For a Data Lake Storage, the cost per transaction block is much lower than that of general purpose accounts. Blob storage and general-purpose accounts commonly use access tiers. The hot tier has higher storage costs but lower access costs, while the cool tier has higher access costs but cheaper storage costs. Use whichever strategy best fits your business requirements.
Redundancy factors also increase costs in storage. In ascending order of cost, the least costly is the Locally Redundant Storage. It is replicated around individual storage units.
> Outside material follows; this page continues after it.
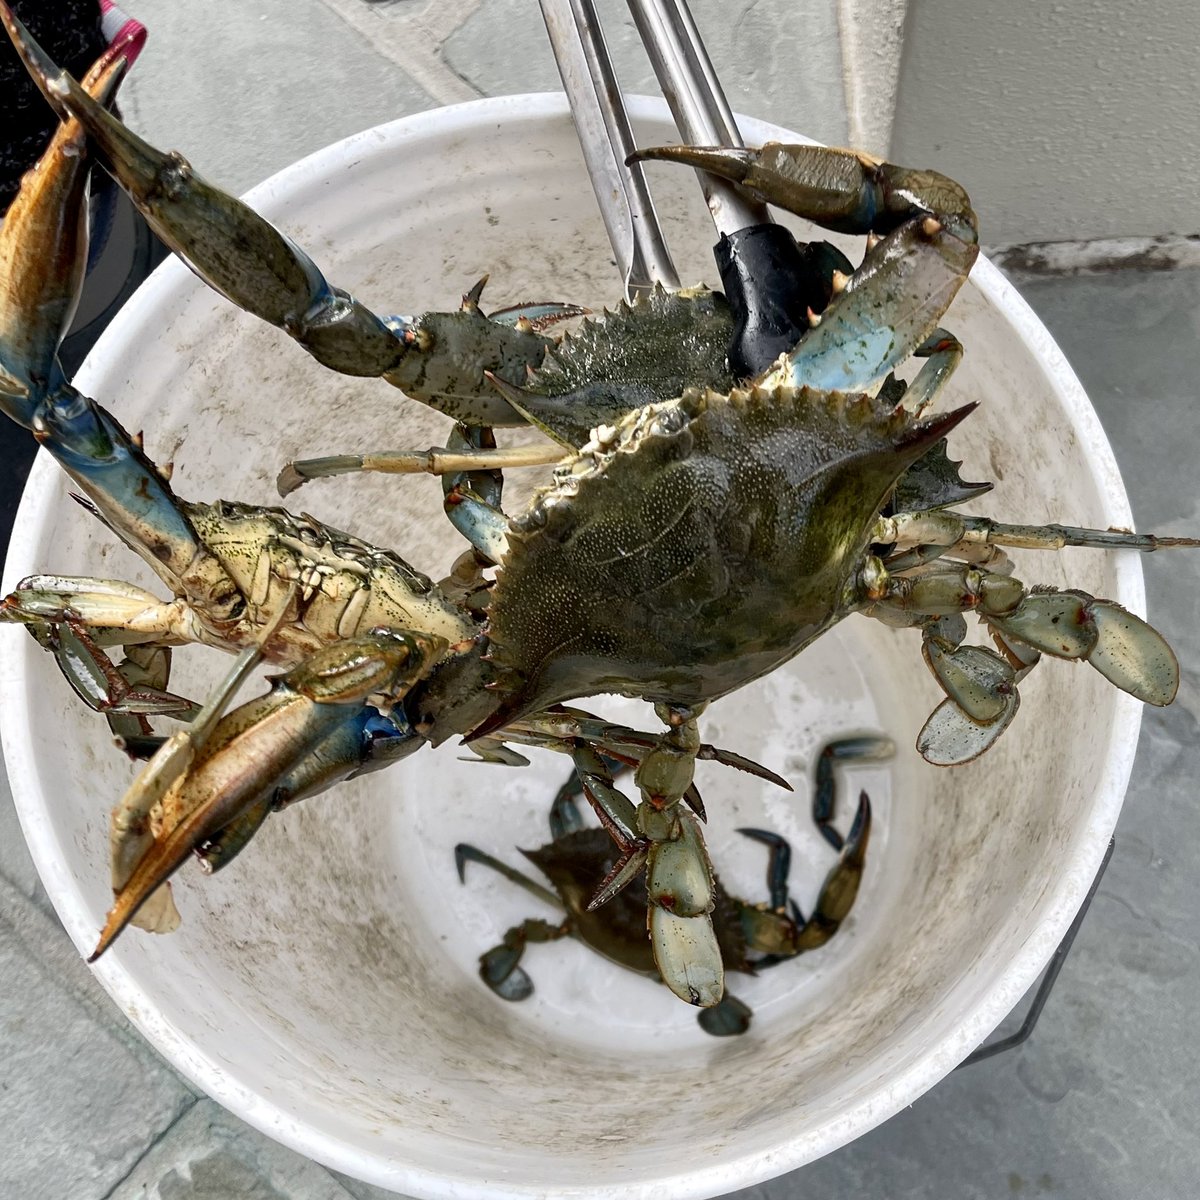 These guys were feeling crabby to start the week…Monday blues!! #bluecrab #crabtrap #reelpirate #mondayblues #whereverthewatersreach #blues

Zone Redundant Storage is replicated across zones and is more expensive than LRS. Geo-redundant Storage (GRS) is replicated between paired Azure regions, and the Read Access Geo-Redundant Storage (RA-GRS), the most expensive, is accessible as read-only.
Optimizing Azure App Service Costs
App Service costs can be dramatically reduced by using the right implementation strategies without compromising on performance.
Plan for costs according to the level of features and service offerings available in App Service pricing plans. The plans are covered by Microsoft SLA and as you increase the hosting plan, other resources like storage and application instances increase in tandem. Use per-app scaling to specify the maximum number of workers which an application is allowed to run on, which in turn, frees up resources for high-performing apps to scale on. You can also use Azure Monitor to configure an App Service plan and automatically scale to a higher plan when specific performance thresholds are exceeded. This can also be done on a schedule basis, where the plan scales up during business hours and scales down during off-peak times when less resources are utilized.
Optimizing Identity Costs
When optimizing Azure Identity solutions, the primary cost drivers to note are the Azure Active Directory Licensing models. Azure AD Domain Services is not only the most common but also the most basic service for setting up identity management. It allows for provisioning of AD DS services without needing to manage Domain Controllers. From this service, any system running Windows OS can be joined and managed directly from Azure. All these Identity features are available at different licensing levels. These levels include the Free tier, Basic tier, Premium P1 tier and the Premium P2 tier.
To maintain security, all features that protect identities in Azure are implemented and managed from Identity Security. Make use of the Azure AD Multifactor-Authentication feature, which offers at least two authentication methods during login. Azure conditional access evaluates any potential risks in Azure platform and enforces predetermined actions. If you have issues with too many privileged user accounts, enforce Azure AD Privileged Identity Management. Through systematic approvals, this feature introduces the idea of limiting the length of time a user stays with administrator rights.
If you need to collaborate with other organizations without having to set up separate external directories or accounts, use Azure AD B2B. You can build business to business collaboration driven by identity management and protect your business platform at the same time. This feature is covered in the free tier. External users can also authenticate to your organization using third party identity platforms like LinkedIn or Facebook. For this to happen, they’ll need to use Azure AD B2C. Pricing is directly related to the number of users and number of authentications.
Last but not least, we can support existing on-premises identities using Azure AD Connect, which synchronizes user and security information from on-premises AD DS with Azure AD. It is a free implementation of Microsoft Identity Manager. Azure AD Connect is completely free and has no licensing costs.